This article will cover how to work with time series/datetime data in Redshift.
Time series data holds the date and/or time information and is different from string or numeric data since it has components like day, month, year, hours, etc., that we might want to access/compare/modify.
For example, we might want sales in the month of May or to find the difference in two dates as the number of months.
Redshift is a database provided as a part of AWS (Amazon Web Services), based on the Postgres database, but with some differences. Like most other relational databases such as MySQL, SQL Server, Oracle, DB2, etc., Redshift can handle and manipulate time series data.
Let's see how.
Firstly, let's look at which data types for time series are supported by Redshift and what kind of data they can hold.
For more information, check out the AWS documentation.
Now we know the different data types you can get for time series. But how do we get the results of those types of queries? Does it always have to come from data stored in columns?
No, we can get datetime results in two ways:
Let's see an example query.
select current_date today, current_timestamp now, current_time time_now, to_date( '28-10-2010', 'DD-MM-YYYY') today_from_str, current_date + 1 tomo
We've used Redshift's built-in functions to get today's date and time in the example above.
We used TO_DATE
to create a date from a string, and we used date arithmetic to get tomorrow's date from today. Note how the "now" column has both the date and time.
SYSDATE
and GETDATE
can also be used for the current timestamp, with the caveat that SYSDATE
returns the timestamp for the current transaction.
We saw that the type TIMESTAMPZ
above that can hold time zone info, but what is that, and why is it needed?
Because of the earth's rotation, X a.m./p.m. of any given day can be different in different locations around the world; we have time zones to capture this info.
For example, when it's sunrise in Japan, England is still in the dark, waiting for the earth's rotation to bring it to face the sun. Thus Japan and England are in different time zones.
The TIMESTAMPZ
data type captures the time zone along with the timestamp. If the time zone is not specified in a TIMESTAMPZ
type, it's assumed to be UTC.
So first, how do we get a TIMESTAMPZ
value?
Either we populate a TIMESTAMPZ
column with a string literal containing the time zone (e.g., '2021-10-31 13:00:00 IST'), or we use the TIMEZONE
function to create a TIMESTAMPZ
value from a timestamp. In the below example, we have specified EST as the time zone.
select TIMEZONE( 'EST', TIMESTAMP '2021-10-31 10:00:00')
The result is being displayed as UTC. UTC is ahead of EST by five hours, so the UTC time is 10+5=15.
Let's say my boss in the US wants me to attend an online meeting at 7 p.m. on Friday, October 31, 2021. What time will it be in India?
The CONVERT_TIMEZONE
function converts from one time zone to another, and here we want to convert from source EST to target IST. Unfortunately, it seems that Redshift is confusing IST with Israel time, so I'll also have to use the Asia string.
select CONVERT_TIMEZONE( 'EST', 'Asia/Kolkata', TIMESTAMP '2021-10-31 07:00:00 PM')
Oh no! I have to get up at 5:30 a.m. on a Saturday? :(
Next, let's now create some data for running more queries.
In this scenario, we'll say we have a business, and we're looking at how many of our products get sold within certain time frames.

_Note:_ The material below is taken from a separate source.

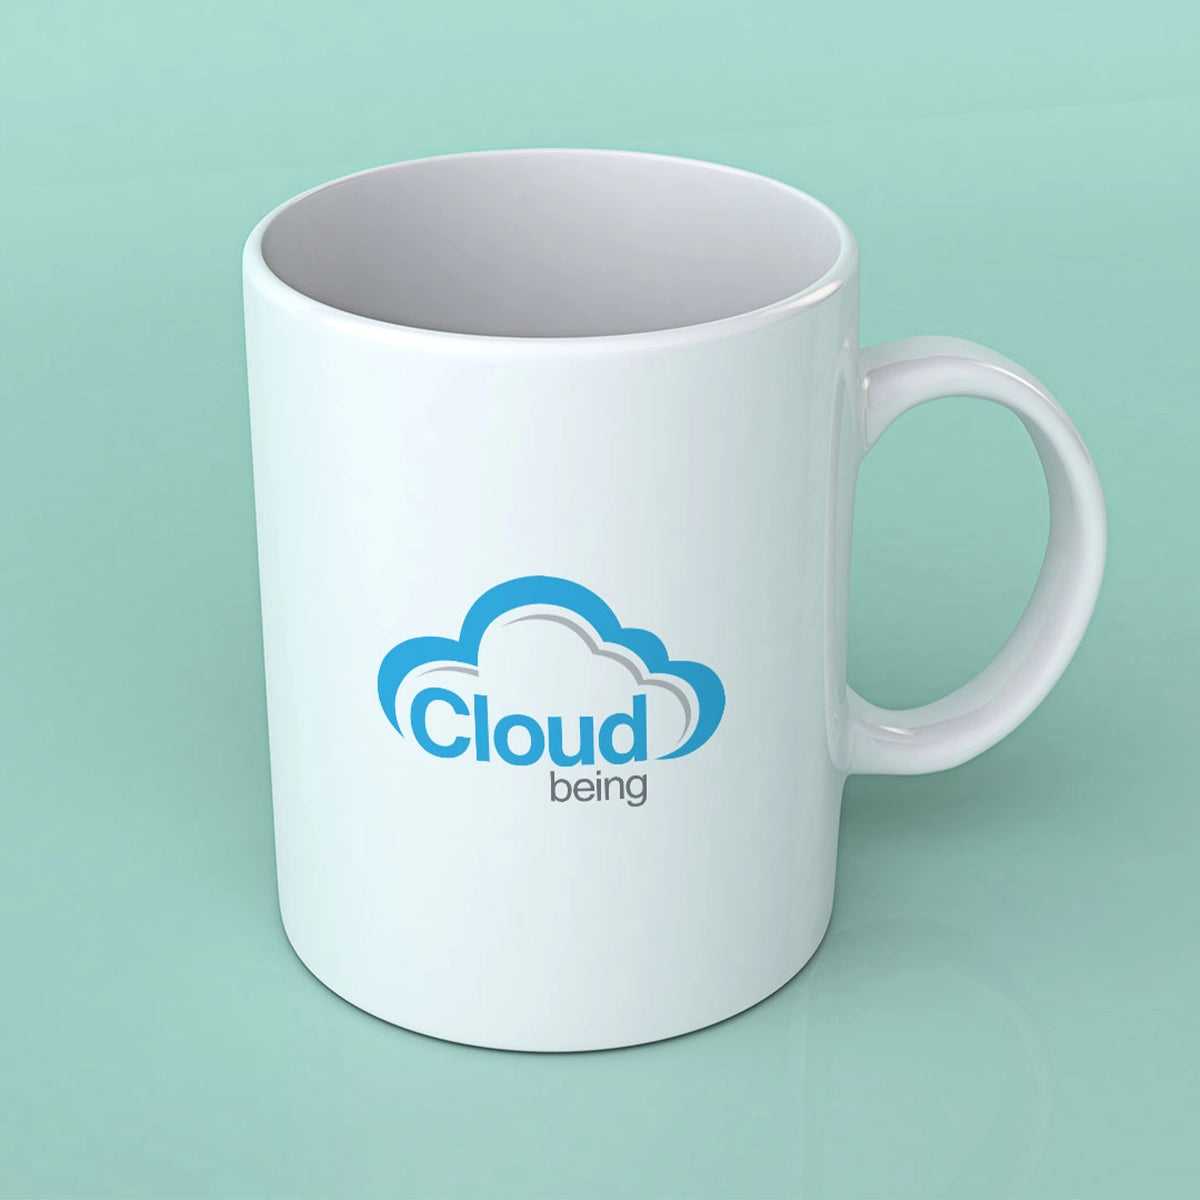 cloudbeing.com

Let's assume for the examples below that we have a table "sales," which has columns titled as follows: product_name, sale_date(timestamp), and amount(decimal). Then, we can create the sample data as shown below:
create table sales (id integer, product_name varchar(100), purchase_date timestamp, sale_date timestamp, amount integer); insert into sales values (1, 'Kellogs', null, to_timestamp('2021-10-29 07:00:00', 'YYYY-MM-DD HH:MI:SS') - interval '12 weeks', 20); insert into sales values (2, 'Kellogs', null, to_timestamp('2021-10-29 08:00:00', 'YYYY-MM-DD HH:MI:SS') + interval '2 hours', 10); insert into sales values (3, 'Kellogs', null, to_timestamp('2021-10-29 08:00:00', 'YYYY-MM-DD HH:MI:SS'), 10); insert into sales values (4, 'Milk', null, to_timestamp('2021-10-29 08:00:00', 'YYYY-MM-DD HH:MI:SS'), 5); update sales set purchase_date = dateadd( months, -id, sale_date);
We've used TO_TIMESTAMP
to parse the date from the string. HH24 should be used for hours when using the 24-hour time format.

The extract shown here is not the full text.